Der Verkehrswacht-Vorsitzende hat noch Bilder bis heute modern anmutender, elektrisch betriebener O-Busse in Rheydt vor Augen. Sie wurden über ein Oberleitungsnetz mit Strom versorgt. Die Straßenbahn, so sagt er, habe er nicht mehr bewusst miterlebt. Die erste Tram als Nachfolger der Pferdebahn fuhr ab 1901. Im Jahr 1959 rollte in Rheydt der letzte Wagen, in AltGladbach 1969. Ältere erinnern sich an die spektakuläre Abschiedsfahrt von drei untenherum schwarz lackierten Triebwagen durch die Stadt. In einem Beiwagen, dessen Scheiben entfernt worden waren, habe eine Kapelle lautstark den Trauermarsch geblasen.

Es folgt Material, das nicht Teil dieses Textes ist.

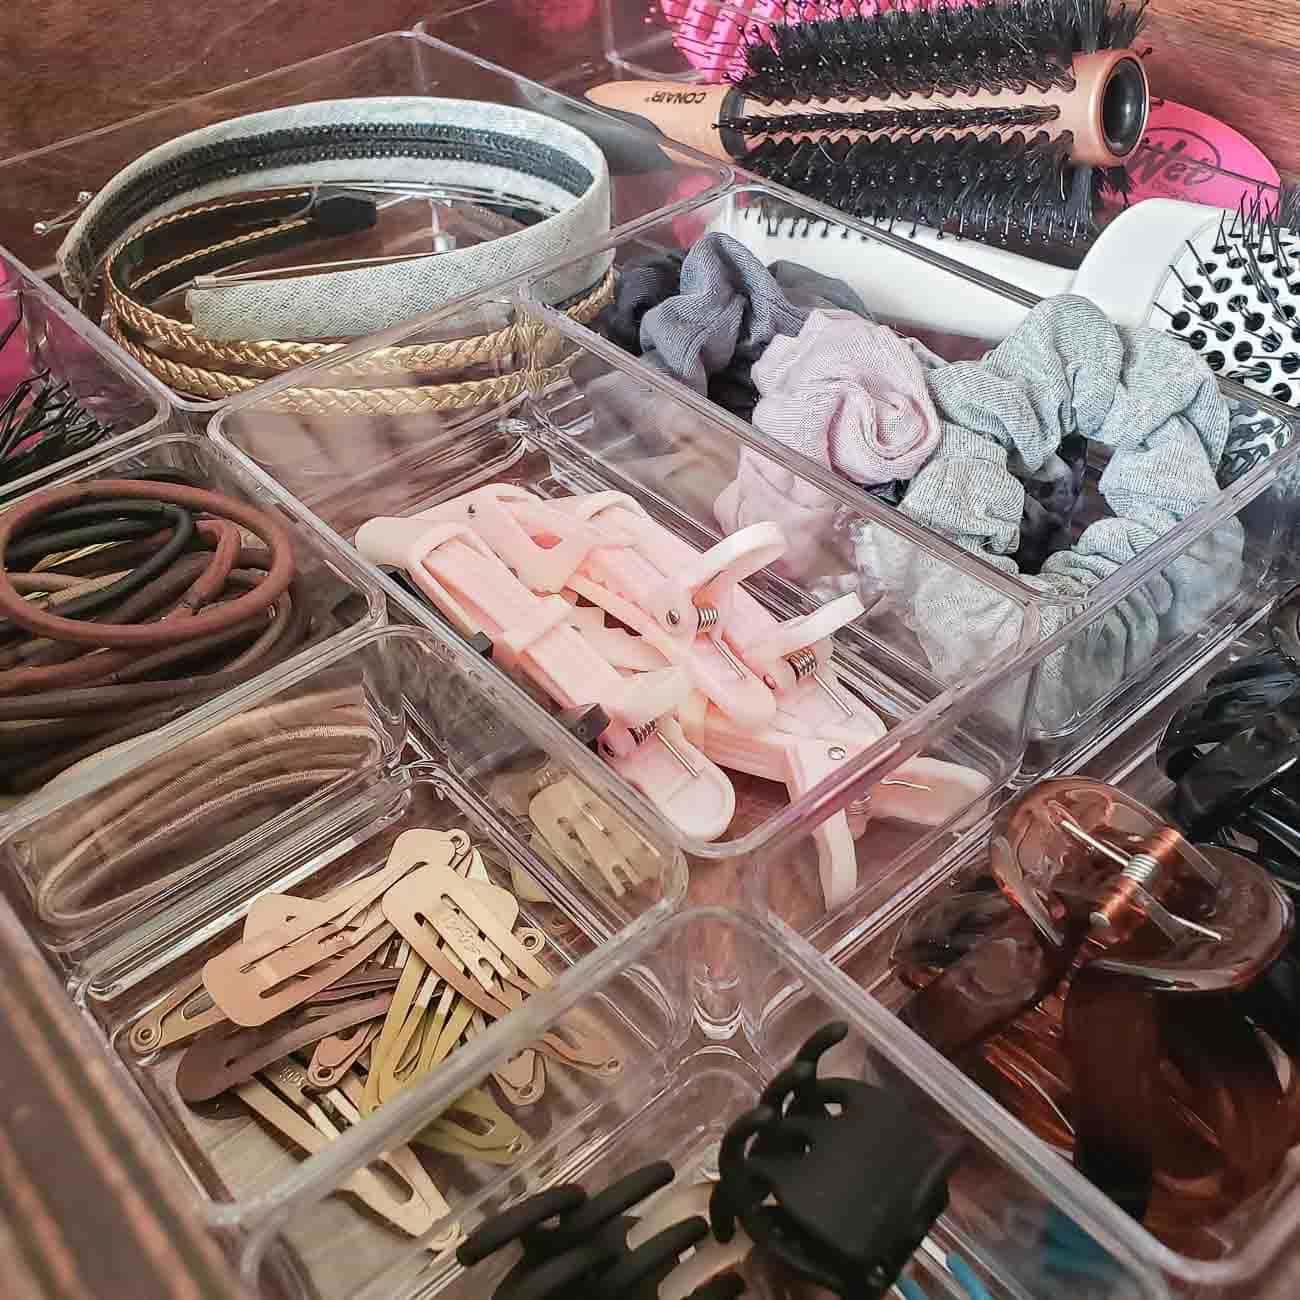 Organized hair accessories

Als Huppertz und Echtner die Mini-Bahn in die Halle zurückschieben, ist das nur von Wortfetzen aus dem Schulungsraum und von Zurufen der Kinder auf dem Trainingsgelände begleitet. Könnte man nicht Sponsoren gewinnen, die die Bahn wieder flottmachen und eventuell neue Gleise verlegen? Das könnten sich Huppertz und Echtner gut vorstellen. „Die Kinder würden es bestimmt gut annehmen“, meint der Hausmeister. Huppertz würde generell eine Wiedereinführung der Straßenbahn in der Stadt begrüßen. Das sei nicht nur aus Gründen des Klimaschutzes wichtig, sondern brächte dem öffentlichen Personennahverkehr vermutlich auch verstärkt Fahrgäste. Und dann machte die funktionsfähige neue alte Straßenbahn in der Verkehrsschule noch mehr Sinn. Aber das ist ähnliche Zukunftsmusik wie die großen Schwestern, die eines Tages wieder durch die Stadt rollen sollen.